Re: btrfs crash on armv7

On 2021/4/8 下午7:15, riteshh wrote:

Please excuse my silly queries here.

On 21/04/08 04:38PM, Qu Wenruo wrote:

On 2021/4/8 下午4:16, Joe Hermaszewski wrote:

It took a while but I managed to get hold of another one of these
arm32 boards. Very disappointingly this exact "bitflip" is still
present (log enclosed).

Yeah, we got to the conclusion it's not bitflip, but completely 32bit
limit on armv7.

For ARMv7, it's a 32bit system, where unsigned long is only 32bit.

This means, things like page->index is only 32bit long, and for 4K page
size, it also means all filesystems (not only btrfs) can only utilize at
most 16T bytes.

But there is pitfall for btrfs, btrfs uses its internal address space
for its meatadata, and the address space is U64.

Can you pls point me to the code you are referring here?
So IIUC, you mean since page->index can hold a value which can be upto 32bit in
size so the maximum FS address range which can be accessed is 16T.
This should be true in general for any FS no?

The code is in definition of "struct page",from "include/linux/mm_types.h"

Yes, for all fs.

But no other fs has another internal address space, unlike btrfs.

Btrfs uses its internal space to implement multi-device support.

And furthermore, for btrfs it can have metadata at bytenr way larger
than the total device size.

Is this because of multi-device support?

Yes.

This is possible because btrfs maps part of its address space to real
disks, thus it can have bytenr way larger than device size.

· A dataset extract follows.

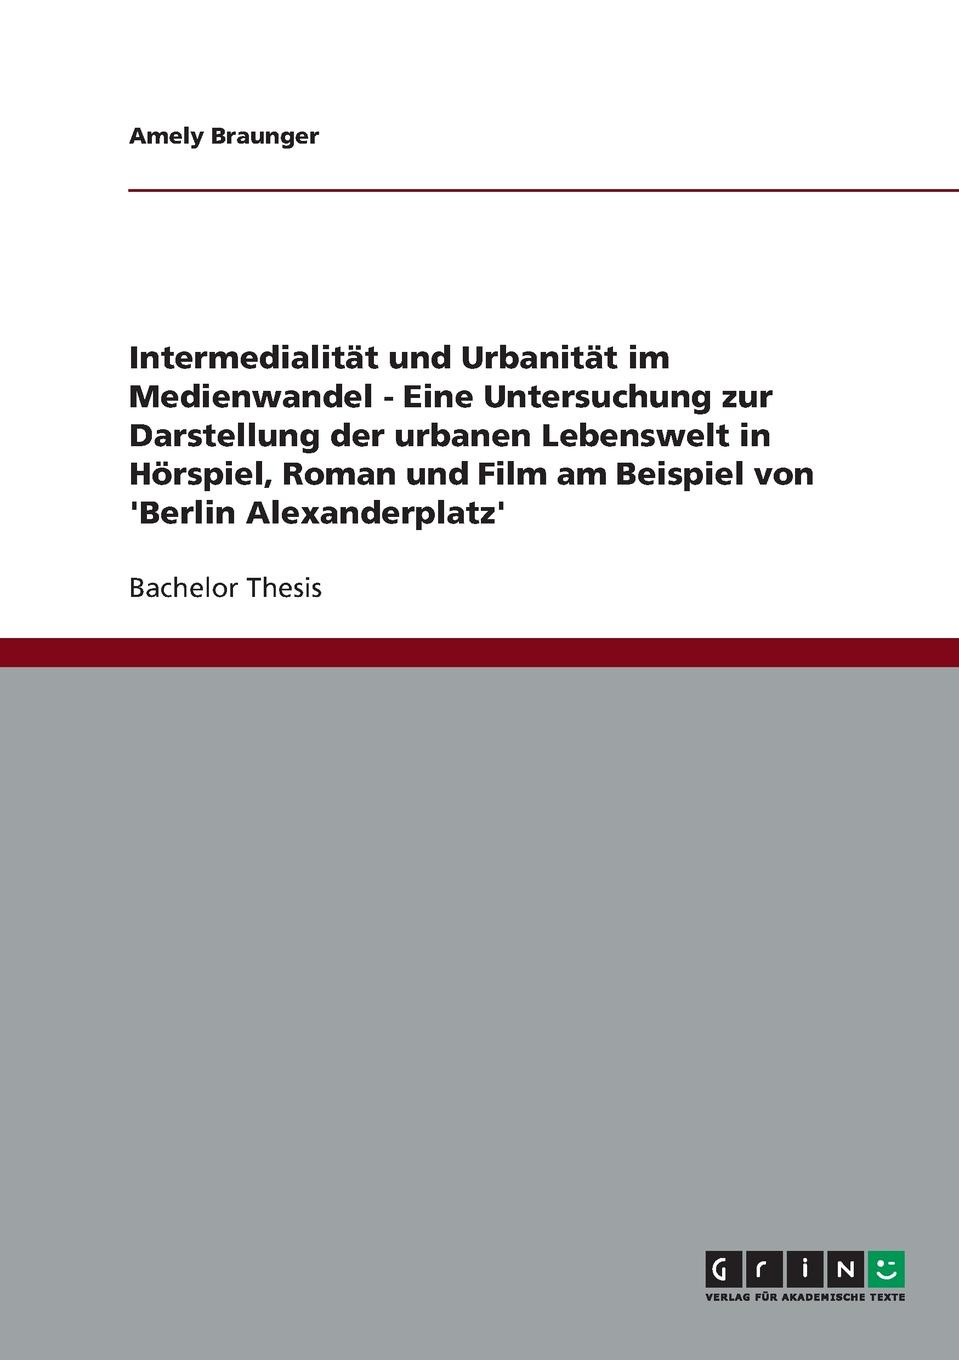 фото Intermedialitat und Urbanitat im Medienwandel. Die urbane Lebenswelt in Horspiel, Roman und Film am Beispiel von .Berlin Alexanderplatz.

Please a code pointing to that will help me understand this better.
Thanks.

You need to understand btrfs chunk tree first.

Each btrfs chunk item is a mapping from btrfs logical address to each
real device.

The easiest way to understand it is not code, but "btrfs ins dump-tree
-t chunk " to experience it by yourself.

But this brings to a problem, 32bit Linux can only handle 16T, but in
your case, some of your metadata is already beyond 16T in btrfs address
space.

Sorry I am not much aware of the history. Was this disk mkfs on 64-bit system
and then connected to a 32bit board?

Possible.

But there are other cases to go beyond that limit, especially with balance.

So I'm not confident enough to say what's the exact event to make the fs
cross the line.

This also brings me to check with you about other filesystems.
See the capacity section from below wiki[1]. Depending upon the host OS
limitation on the max size of the filesystem may vary right?

[1] https://en.wikipedia.org/wiki/XFS

The last time Dave Chineer said, for xfs larger than 16T, 32bit kernel
will just refuse to mount.

Thanks,
Qu

-ritesh

Then a lot of things are going to be wrong.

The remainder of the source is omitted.